I'm trying to understand the maths behind this Fast fixed-point $\tt atan2$ calculation with self-normalization. In particular, equation $(2)$ for theta1 appears to provide a first-degree expansion of some series. Similarly, equation $(2a)$ under "QUICK NOTE" seems to expand this series.
I had the exact question, nearly a decade later - and think I figured out the cool fixed-points tricks thanks to and edaboard thread and helpful write up in the IEEE Signal Processing Magazine.
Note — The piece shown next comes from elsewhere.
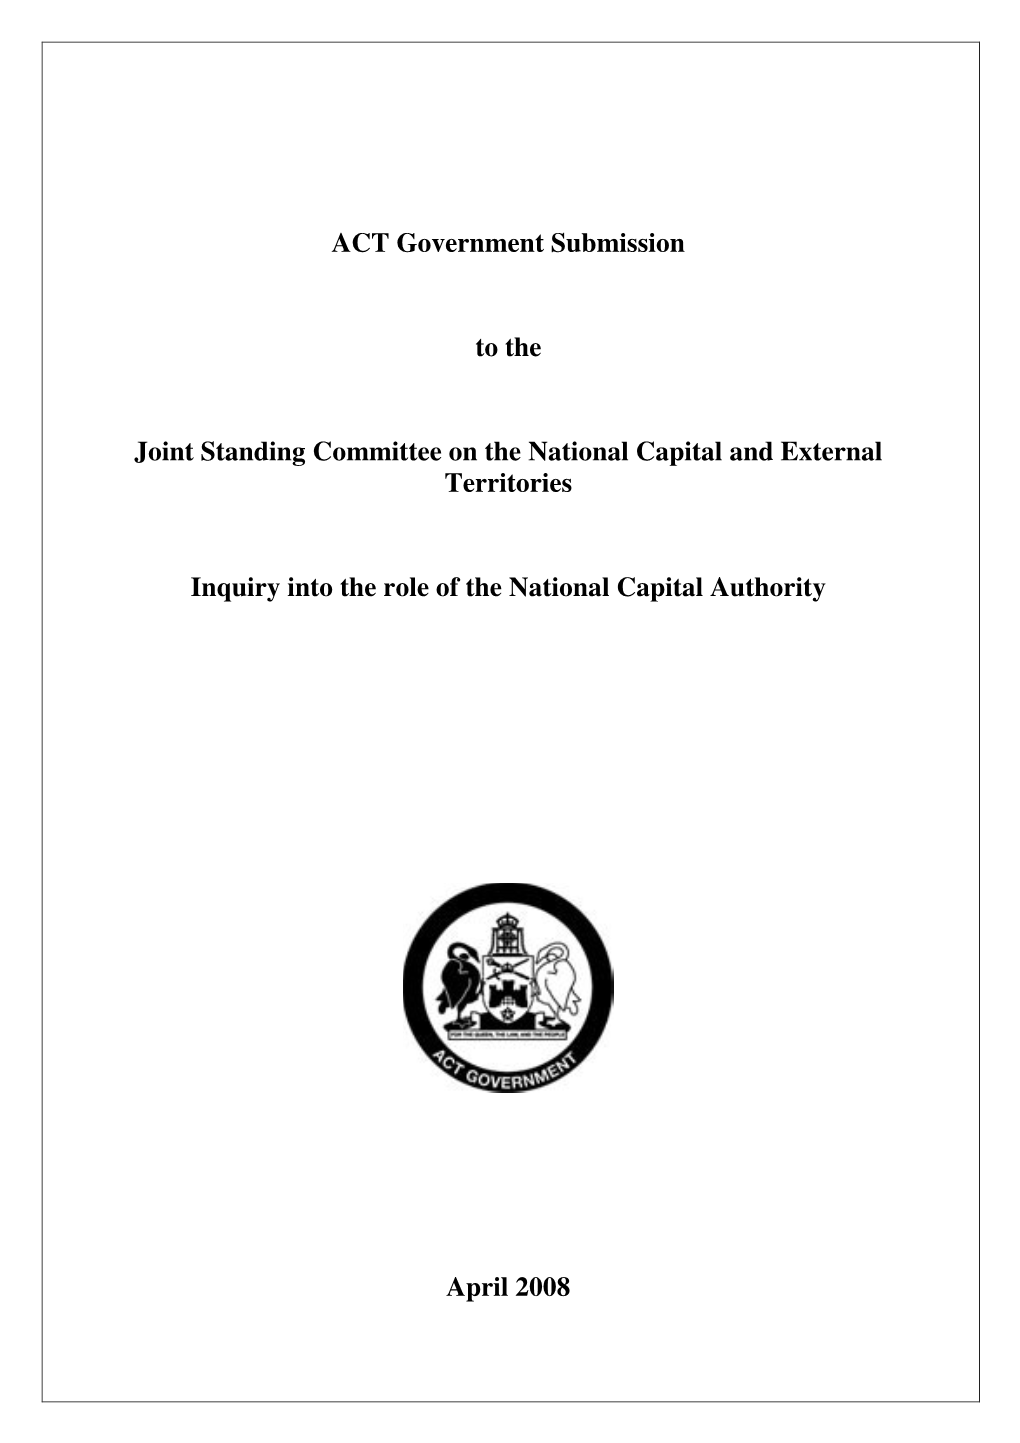 ACT Government Submission to the Joint Standing Committee on the National Capital and External Territories Inquiry Into the Role
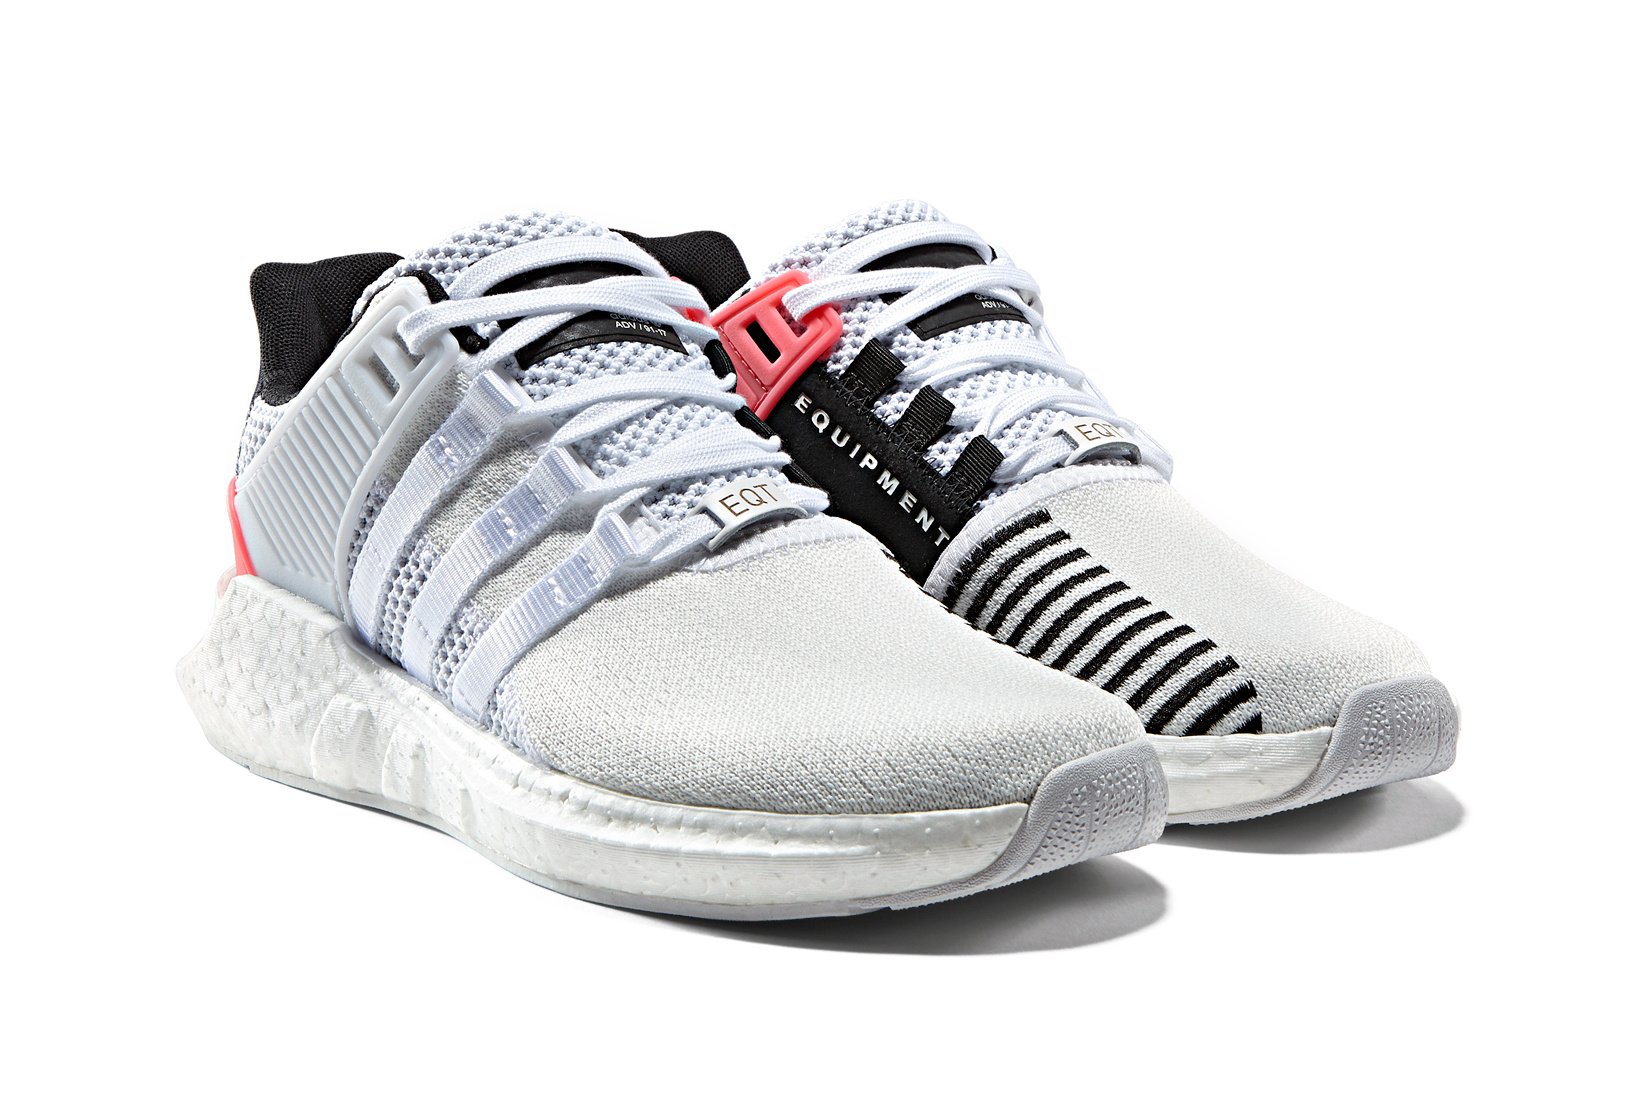 adidas EQT Support 93/17 White/Turbo Red

First, some trig identities are used to transform the problem into one that is self-regularizing:
$$ \begin{align} \tan(\pi/4 - \theta) &= \frac{\tan(\pi/4)+\tan(-\theta)}{1-\tan(\pi/4)\tan(-\theta)}\\ &= \frac{1-\tan(\theta)}{1+\tan(\theta)} \end{align} $$
Here $\tan(\theta) = y/x$, therefore
$$ \begin{align} \tan(\pi/4 - \theta) &= \frac{1-y/x}{1+y/x} = \frac{x-y}{x+y}\\ \pi/4 - \theta &= \arctan \left( \frac{x-y}{x+y} \right) \\ \theta &= \pi/4 - \arctan \left( r \right) \\ \end{align} $$
where $r = \frac{x-y}{x+y}$. That's a great self-normalizing trick with zero approximations so far. Since we want $\theta$, we can solve something that is a function of $r$, which is already guaranteed to be $-1 < r < 1$ (in the first quadrant). Now we just need an easy expression for $\arctan(r)$ between $-1 < r < 1$. There's a bunch of techniques to do that, but the simplest is to just fit a line that goes through $r=\{-1,0,1\}$, the corresponding $\arctan(r)$ is $\{-\pi/4,0,\pi/4\}$. So a quick a dirty approximation gives us:
$$ \arctan(r) \approx \frac{\pi}{4}r$$
put it all together (for the first quadrant):
$$\theta \approx \frac{\pi}{4} - \frac{\pi}{4}r$$
To get more accurate, you can get better polynomials to approximate $\arctan(r)$. Things like the Remez algorithm can help find those, and the IEEE Signal Processing Magazine also gives a method and compares polynomials.
it's an approximation.
a better approximation is in this answer:
$$ \arctan(u) \approx \frac{u}{f(u^2)} \quad \quad -1 \le u \le 1 $$
where
$$ \begin{align} f(u^2)& = \sum\limits_{n=0}^{4} \ a_n \ u^{2n} \\ a_0 & = 1.0 \\ a_1 & = 0.33288950512027 \\ a_2 & = -0.08467922817644 \\ a_3 & = 0.03252232640125 \\ a_4 & = -0.00749305860992 \\ \end{align} $$
not as fast, but quite accurate. not bit-perfect accurate, but very accurate.
for atan2(), you need to put it in the correct tilted quadrant:
$$ \operatorname{atan2}(y,x) = \arg\{ x + j\,y \} = \begin{cases} \arctan\left(\frac{y}{x}\right) &\text{if } 0 < |y| \le x, \\ \frac{\pi}{2} - \arctan\left(\frac{x}{y}\right) &\text{if } 0 < |x| \le y, \\ -\frac{\pi}{2} - \arctan\left(\frac{x}{y}\right) &\text{if } y \le -|x| < 0, \\ \arctan\left(\frac{y}{x}\right) \pm \pi &\text{if } x \le -|y| < 0, \\ \text{undefined} &\text{if } x = 0 \text{ and } y = 0. \end{cases} $$
this will require two fixed-point divisions, but you can arrange it so that the result is always no greater than 1 in magnitude (the numerator is always smaller in magnitude than the denominator).